## PROBLEM STATEMENT
Copy the data below exactly. Any pictures in it should be omitted.

## EXERCISE DATA
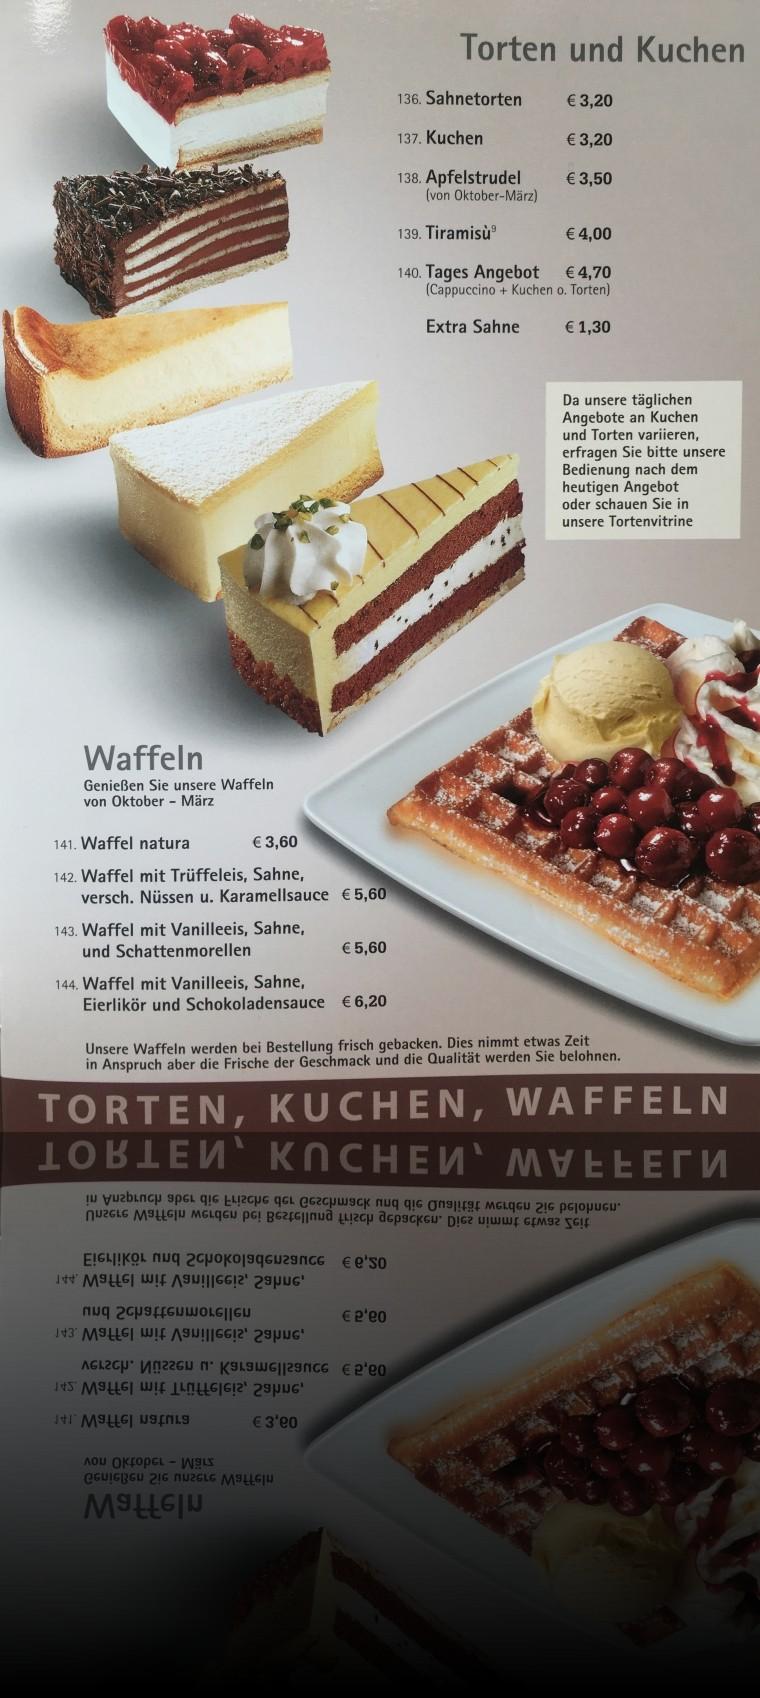 angebote kuchen munchen, fantasia del gelato eis cafe, Design ideen
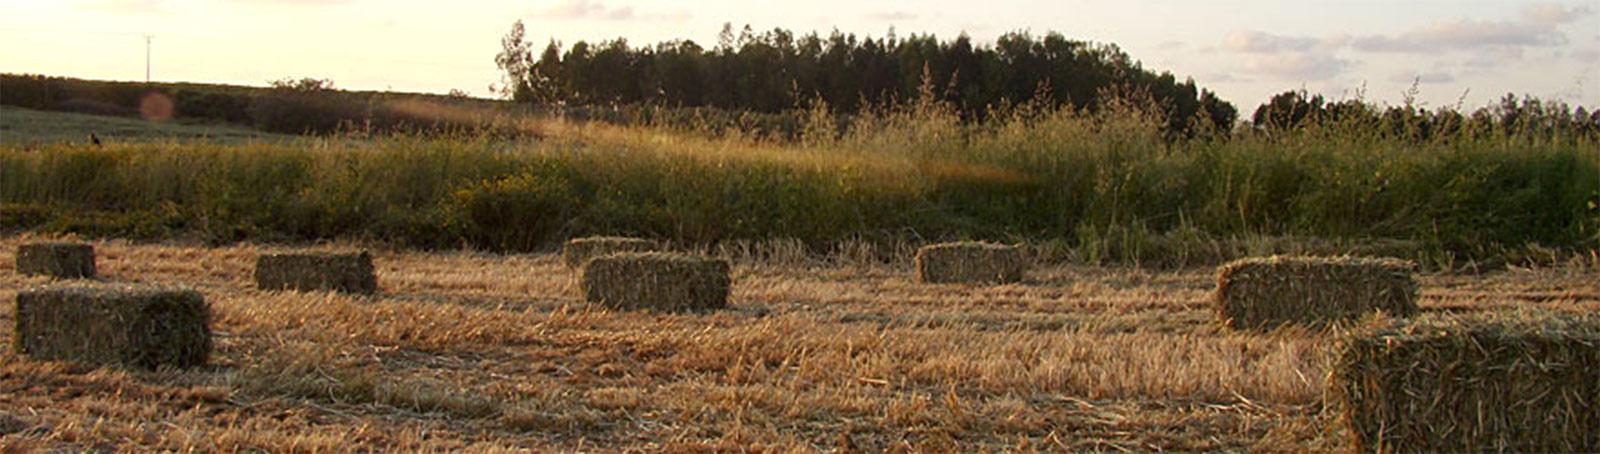 גראסס - משק הרועה - חציר איכותי בחבילות קטנות
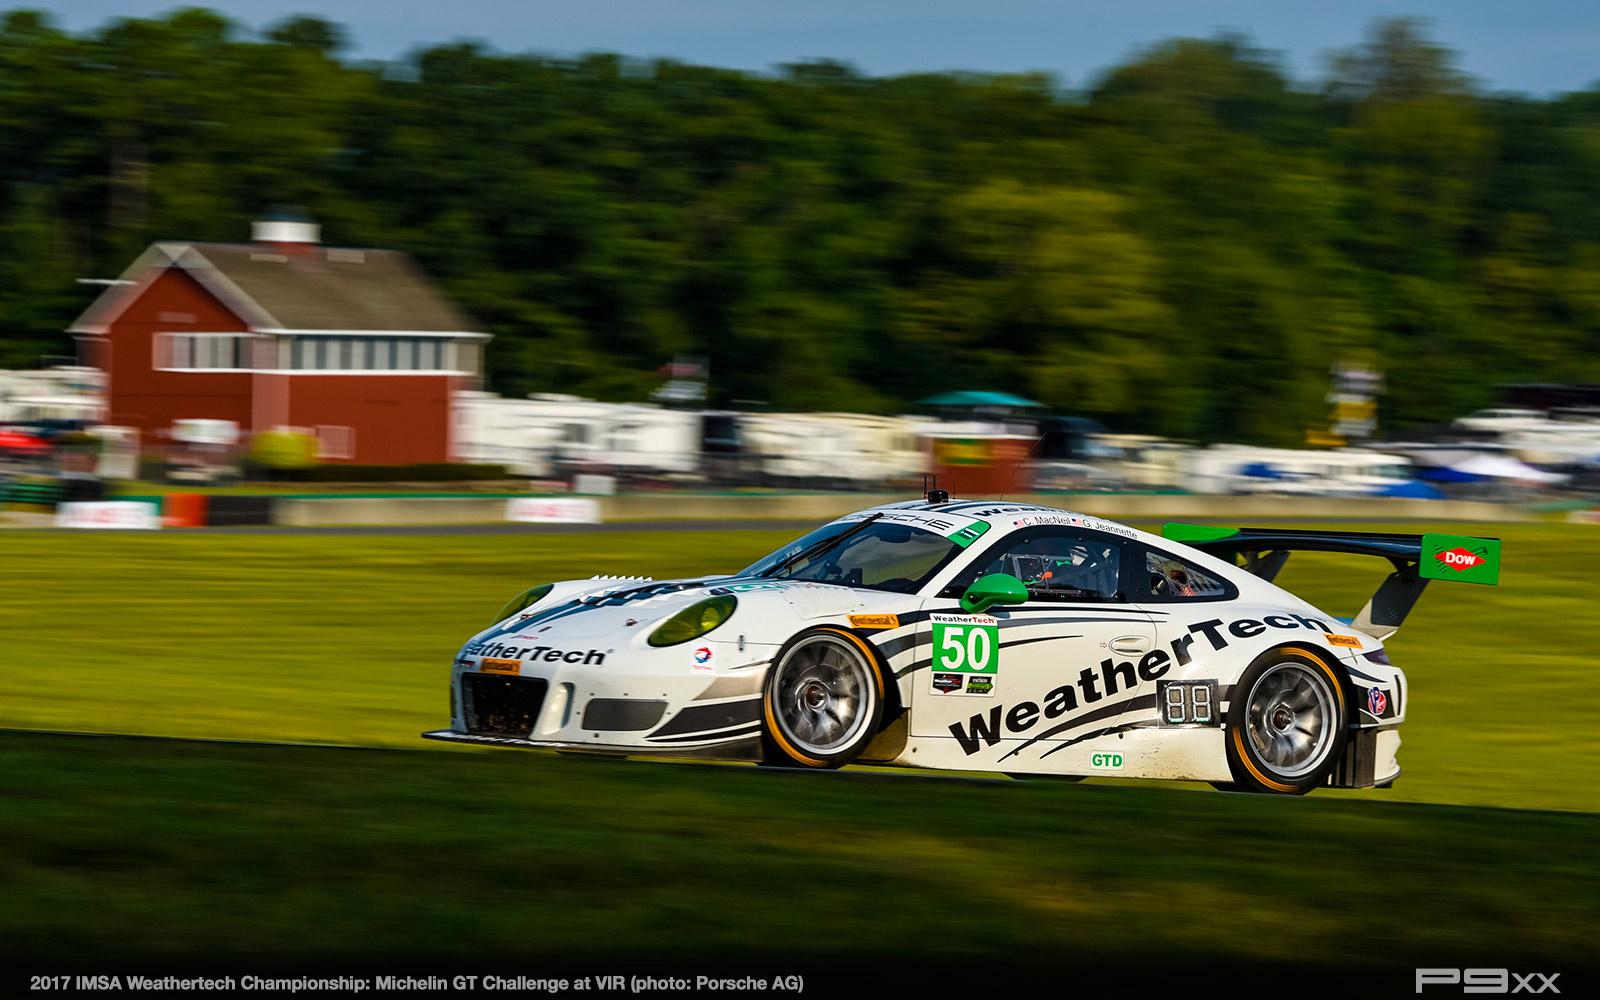 2017-IMSA-Weathertech-VIR-Porsche-387

## RESPONSE AREA
 angebote kuchen munchen, fantasia del gelato eis cafe, Design ideen
 גראסס - משק הרועה - חציר איכותי בחבילות קטנות
 2017-IMSA-Weathertech-VIR-Porsche-387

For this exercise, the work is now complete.